We were just discussing Cook and Levin, who did absolute genius work in the early 1970s inventing the theory of NP-completeness. Stephen Cook was an assistant professor in the mathematics department at Berkeley in the late 1960s, and he was denied tenure in 1970, despite having already produced a substantial body of strong work. He exacted his revenge by moving to the University of Toronto, where he remains Professor Emeritus to this day. The very next year, he invented the theory of NP-completeness, work that earned him the Turing Award in 1982. The Turing Award, if you haven't encountered it before, is the Nobel Prize of computer science. Berkeley, needless to say, came to regret that tenure decision.
Richard Karp, whom I mentioned a moment ago, was in the computer science department rather than mathematics, so he was not part of that decision, but he later reflected on it. Karp said, "It is to our everlasting shame that we," meaning he and his colleagues in computer science, "were unable to persuade the math department to give him tenure." The math department's reasoning is almost amusing in hindsight: they considered Cook's work a little too applied. For context, this was an era when computer science was still struggling to be taken seriously as an independent and rigorous discipline. Even Berkeley, which did have a computer science department at the time, was not immune to that institutional skepticism, and many other top universities had no computer science department at all. You may recall from a previous episode the dismissive remark attributed to Harvard professors in the 1970s: "We don't have a department of microscope science or telescope science, so why should we have one of computer science?" That captures the political climate surrounding Cook's difficulties at Berkeley.
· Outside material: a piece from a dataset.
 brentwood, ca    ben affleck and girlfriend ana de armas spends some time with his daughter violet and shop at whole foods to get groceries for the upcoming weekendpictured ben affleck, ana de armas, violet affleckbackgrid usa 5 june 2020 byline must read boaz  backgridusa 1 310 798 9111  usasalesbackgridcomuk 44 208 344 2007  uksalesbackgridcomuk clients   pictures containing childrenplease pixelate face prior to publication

Leonid Levin, meanwhile, was doing this foundational work in the Soviet Union. For various political reasons, he struggled to secure a permanent top-level academic position there, and he eventually immigrated to the United States in 1978. He completed a second PhD very quickly at MIT and then joined Boston University, where he remains a professor to this day. He was awarded the Knuth Prize, the lifetime achievement award in theoretical computer science, in 2012. One can reasonably assume he would have shared the Turing Award with Cook had his work been known in the West at the time, but during the Cold War, advances made in the Soviet Union reached North America and Europe only very slowly.
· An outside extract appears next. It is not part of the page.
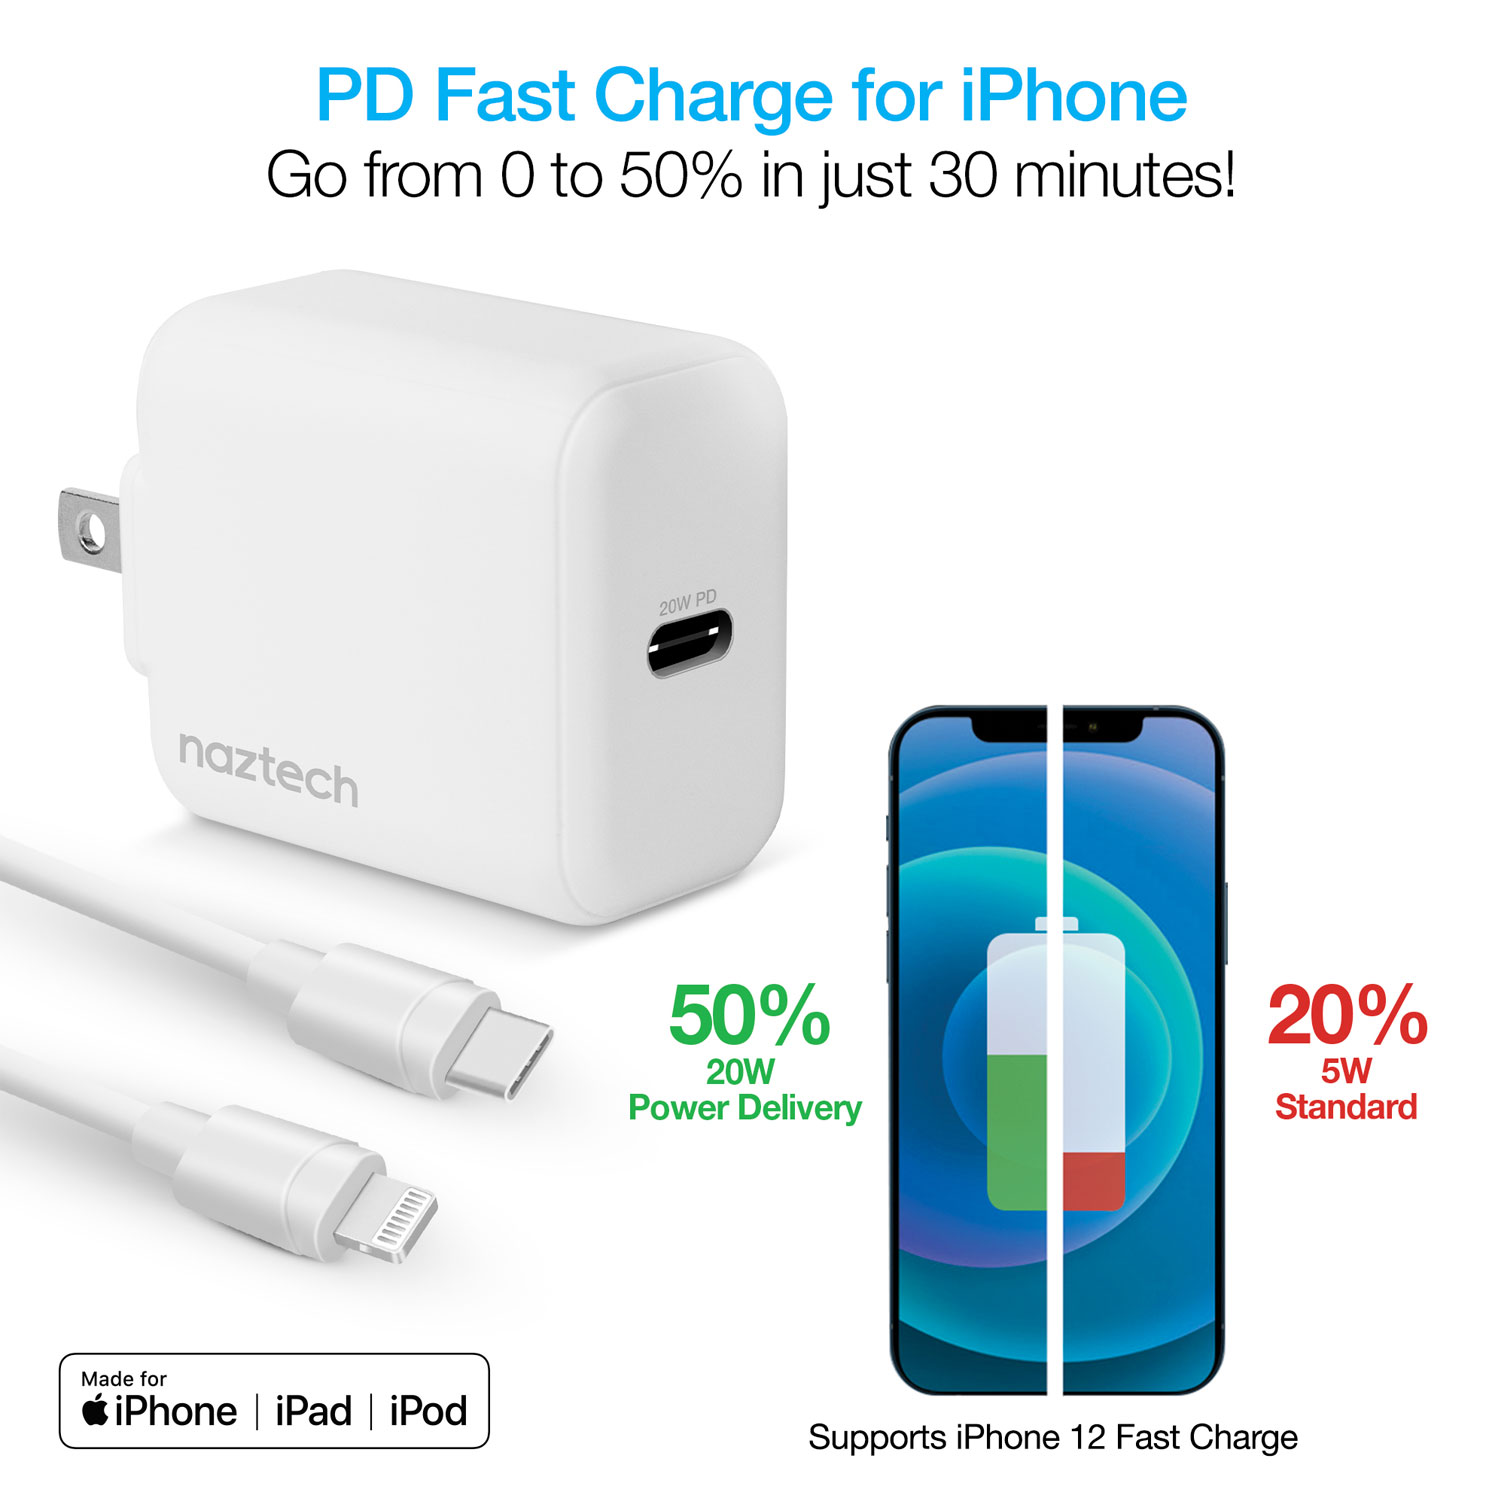 Naztech 20W PD Wall Charger + USB-C to USB-C 4ft Cbl

The point of these stories extends well beyond research. When we look at highly successful people, their achievements can sometimes appear almost effortless or preordained, as though there were never any other way the story could have ended. But in my experience, having gotten to know many great researchers well over the years, they almost invariably had to push through a series of genuinely formidable obstacles, both mathematical and otherwise, to arrive where they are. I'll leave you with that thought. Get excited, because the next episode is a deep dive into the P versus NP question. I'll see you there.